YOUR OBJECTIVE:
Would you restate the listing word for word, with the images omitted?

INFORMATION PROVIDED:
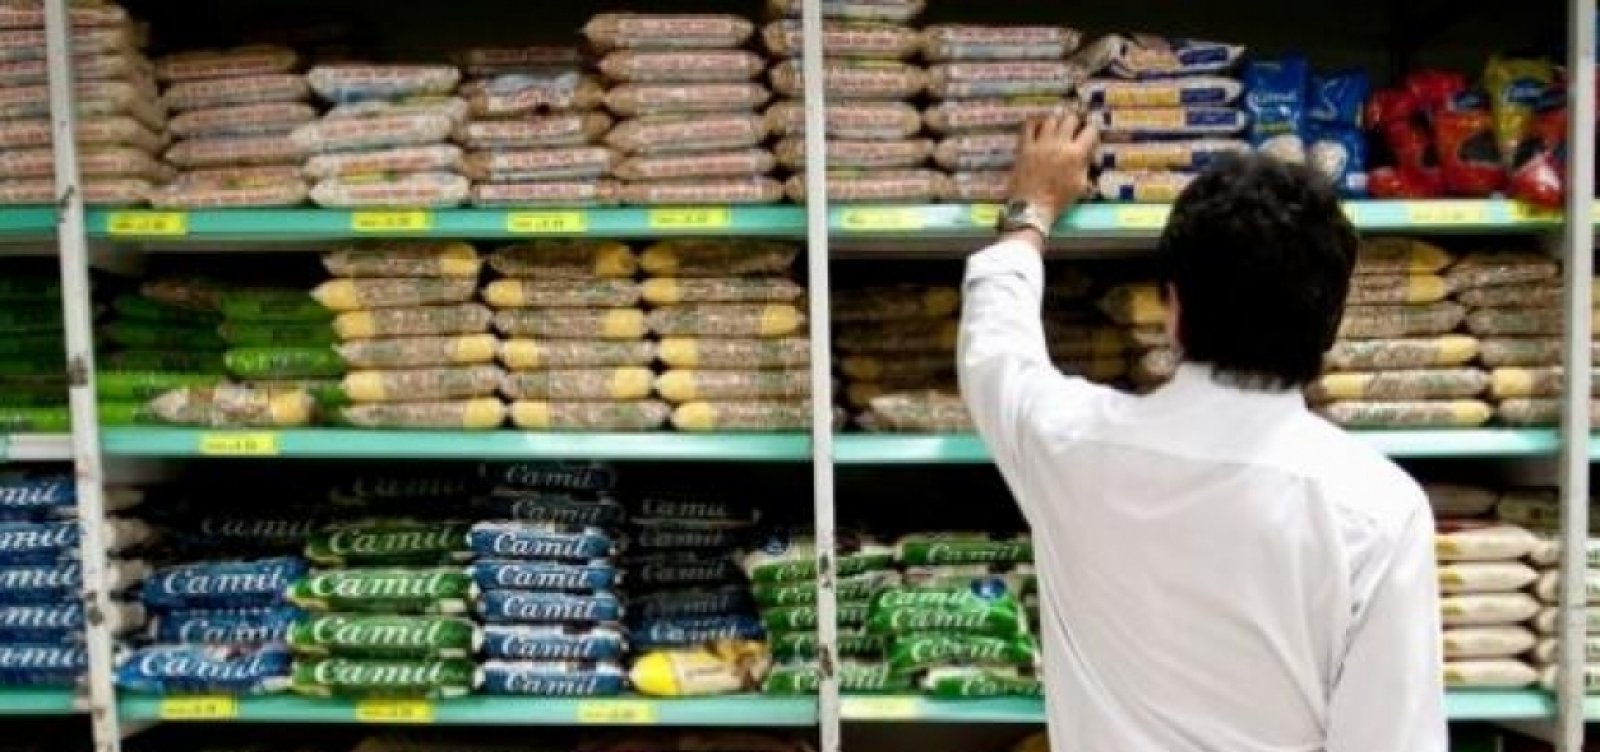 Covid-19: Distribuidores doam 8,4 ton de produtos a famílias impactadas pela crise
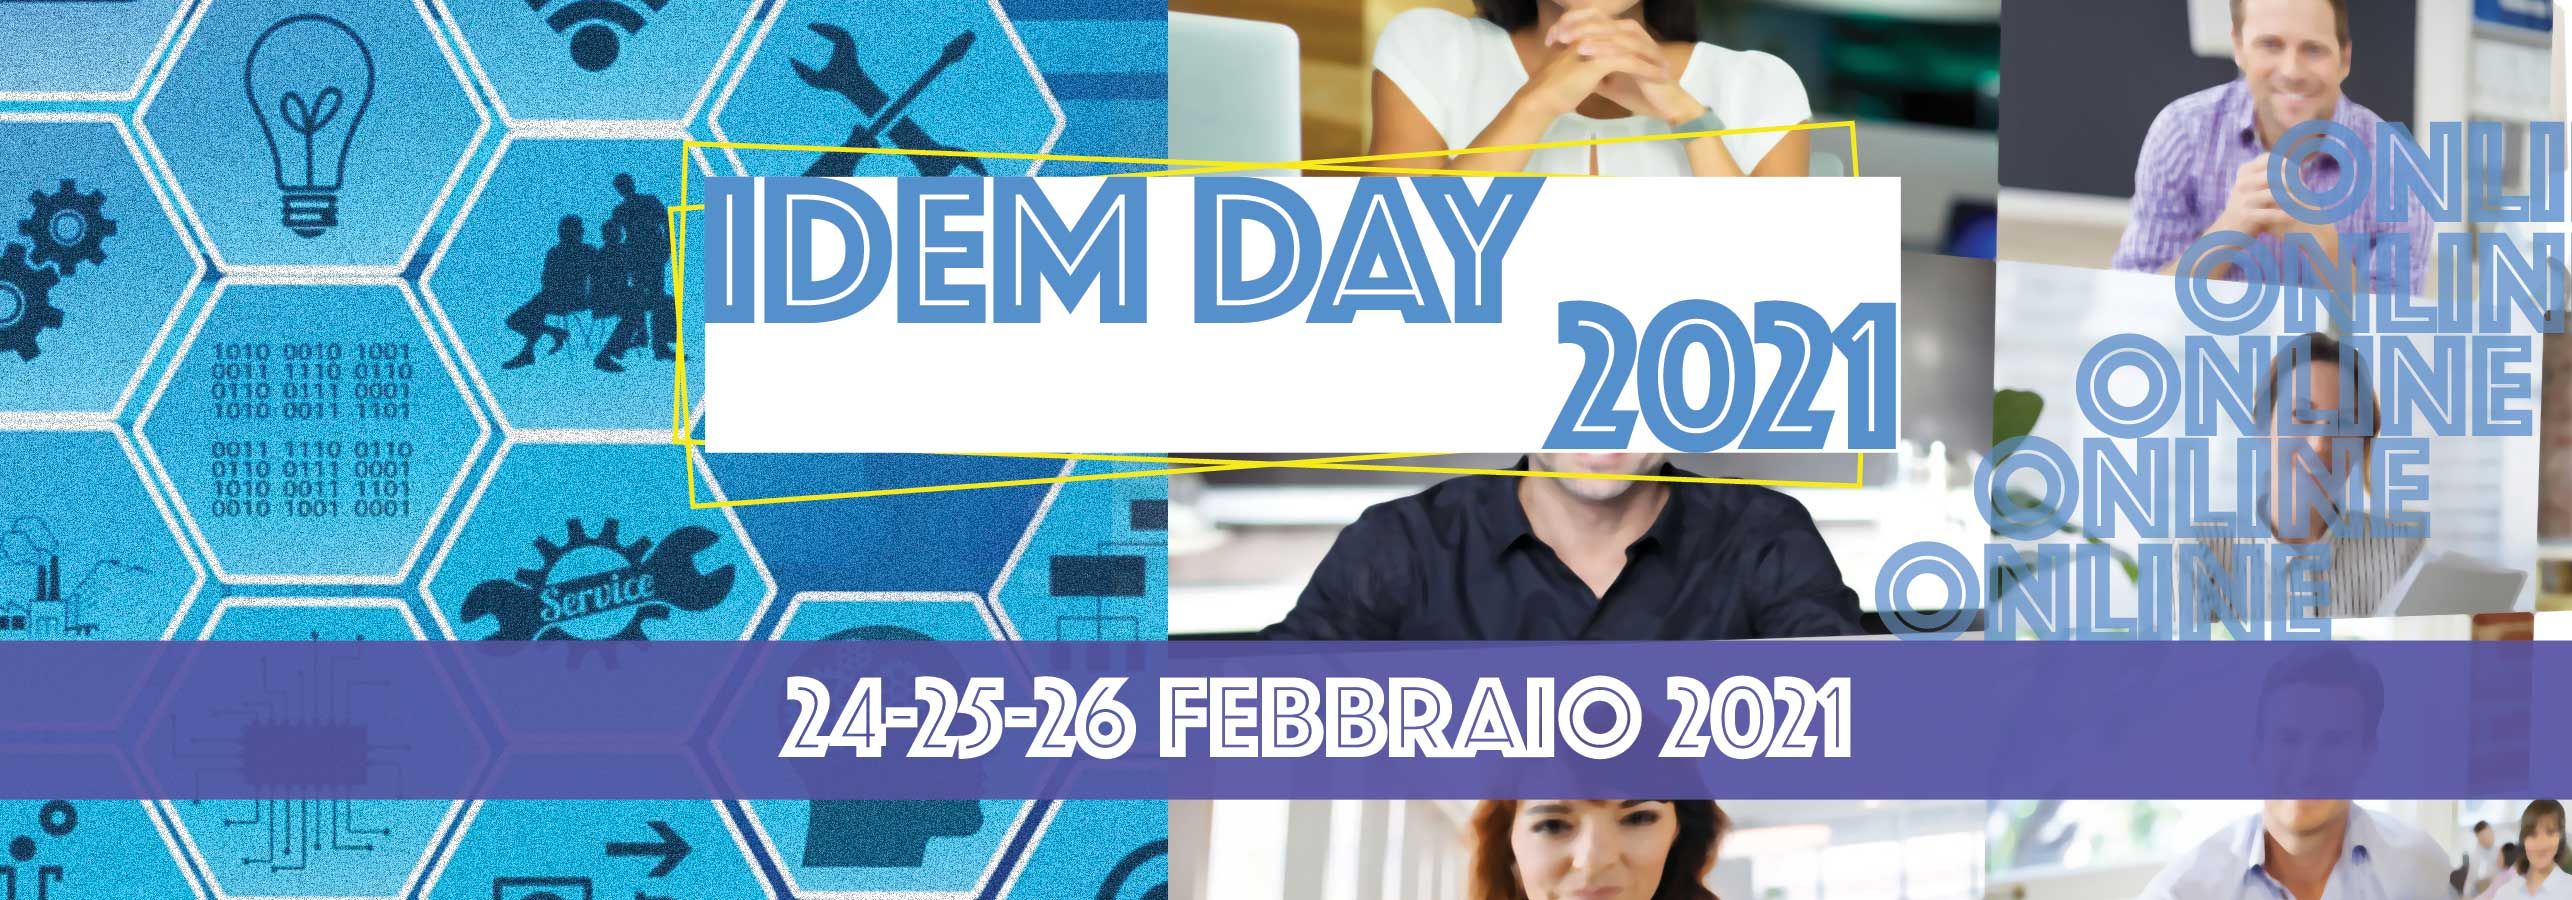 IDEM Day 2021
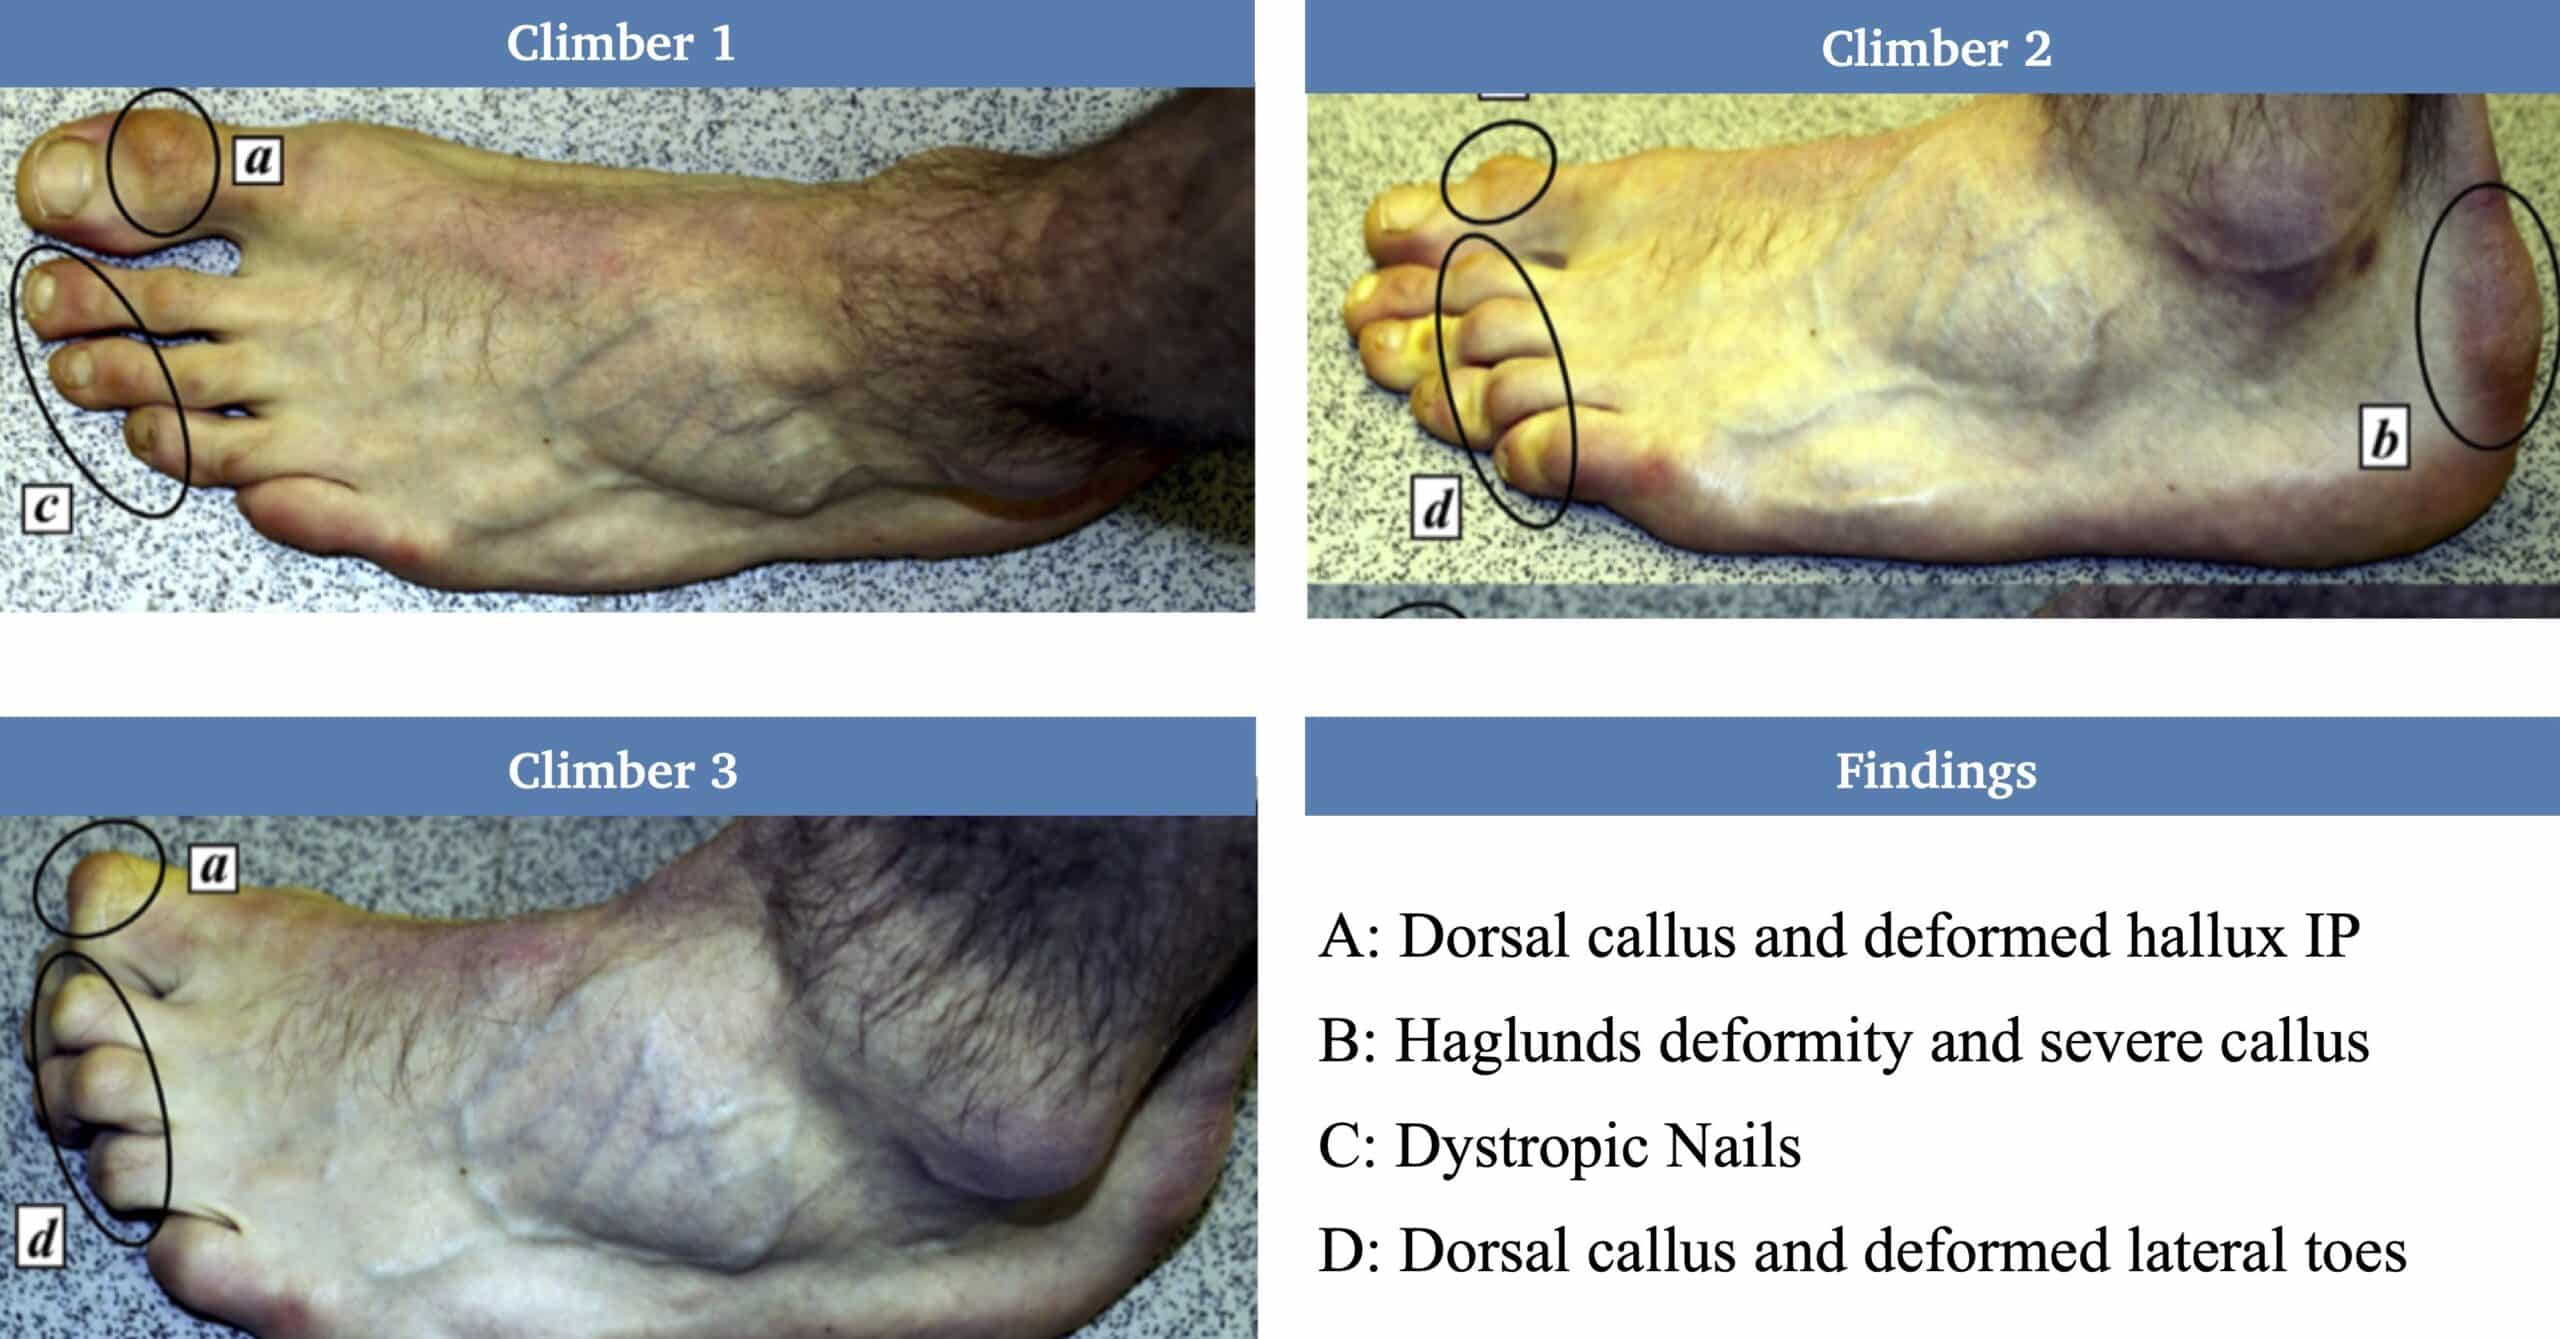 Example of an injury related to barefoot running: Hemorrhagic
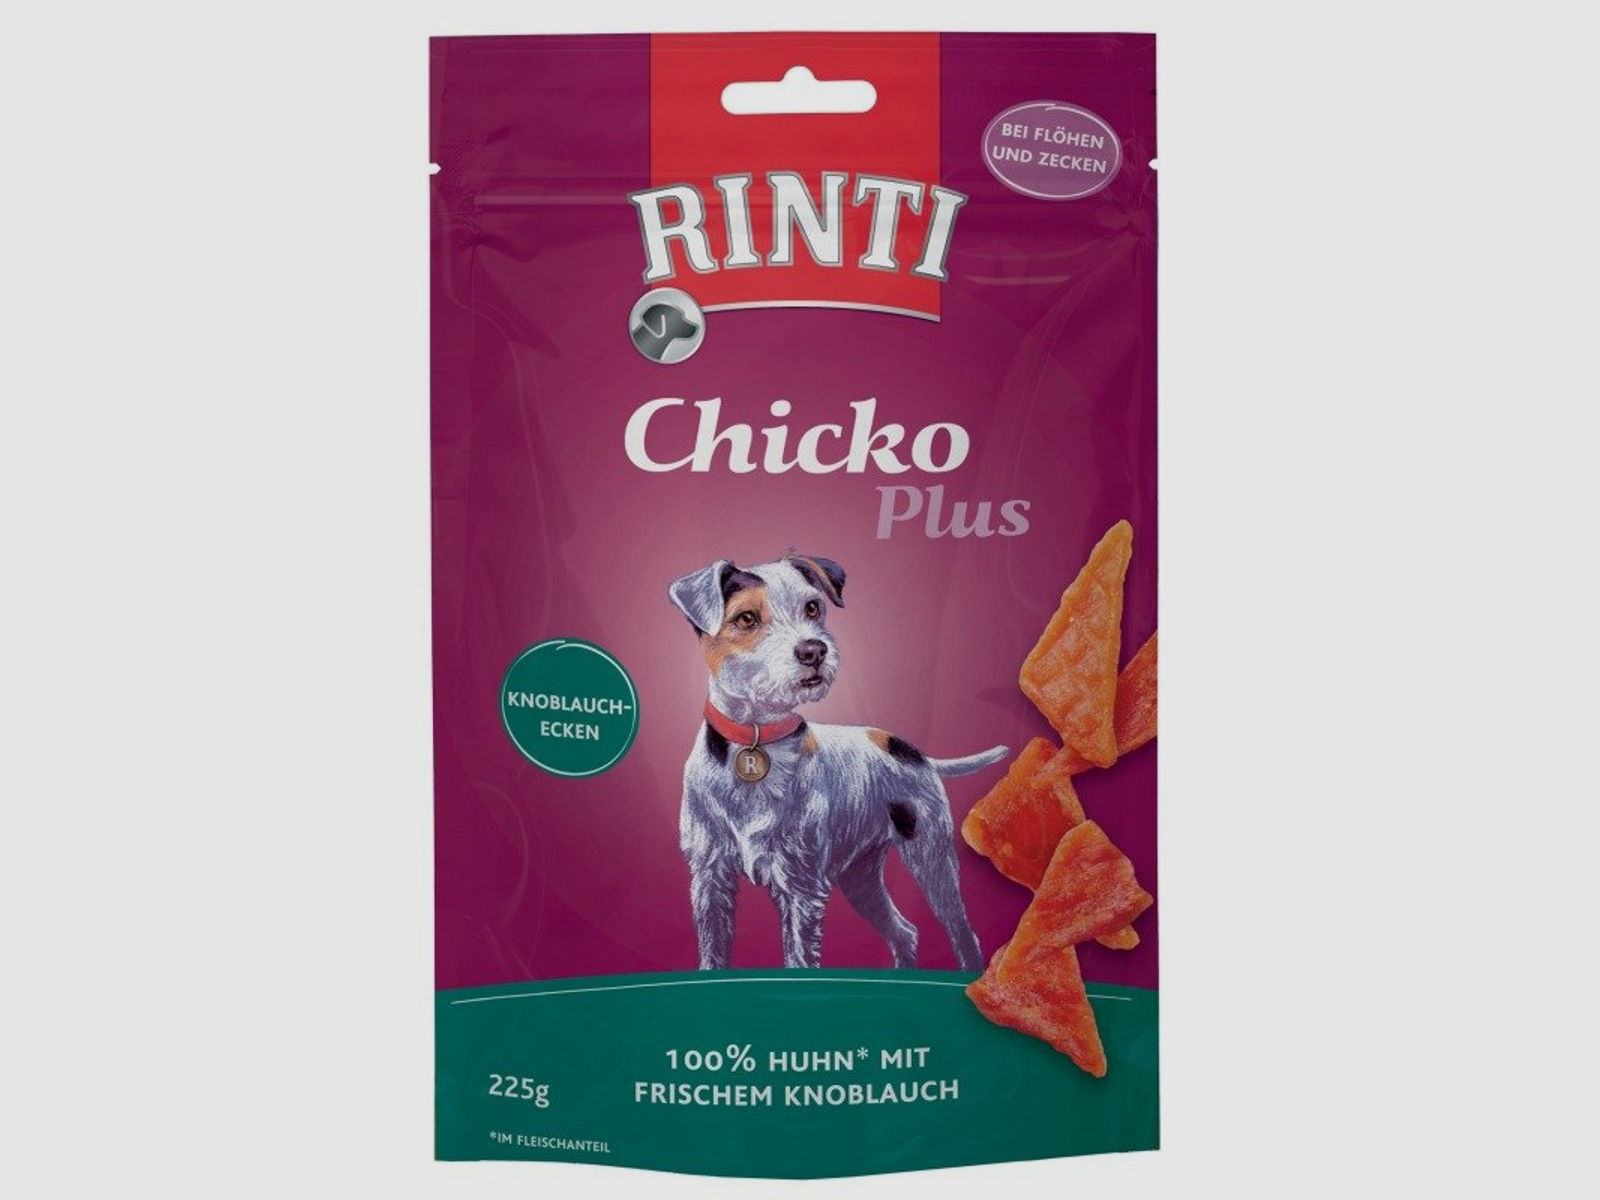 Rinti Hunde Snacks Beutel Chicko Plus 225g Knoblauchecken

OUTPUT BELOW:
 Covid-19: Distribuidores doam 8,4 ton de produtos a famílias impactadas pela crise
 IDEM Day 2021
 Example of an injury related to barefoot running: Hemorrhagic
 Rinti Hunde Snacks Beutel Chicko Plus 225g Knoblauchecken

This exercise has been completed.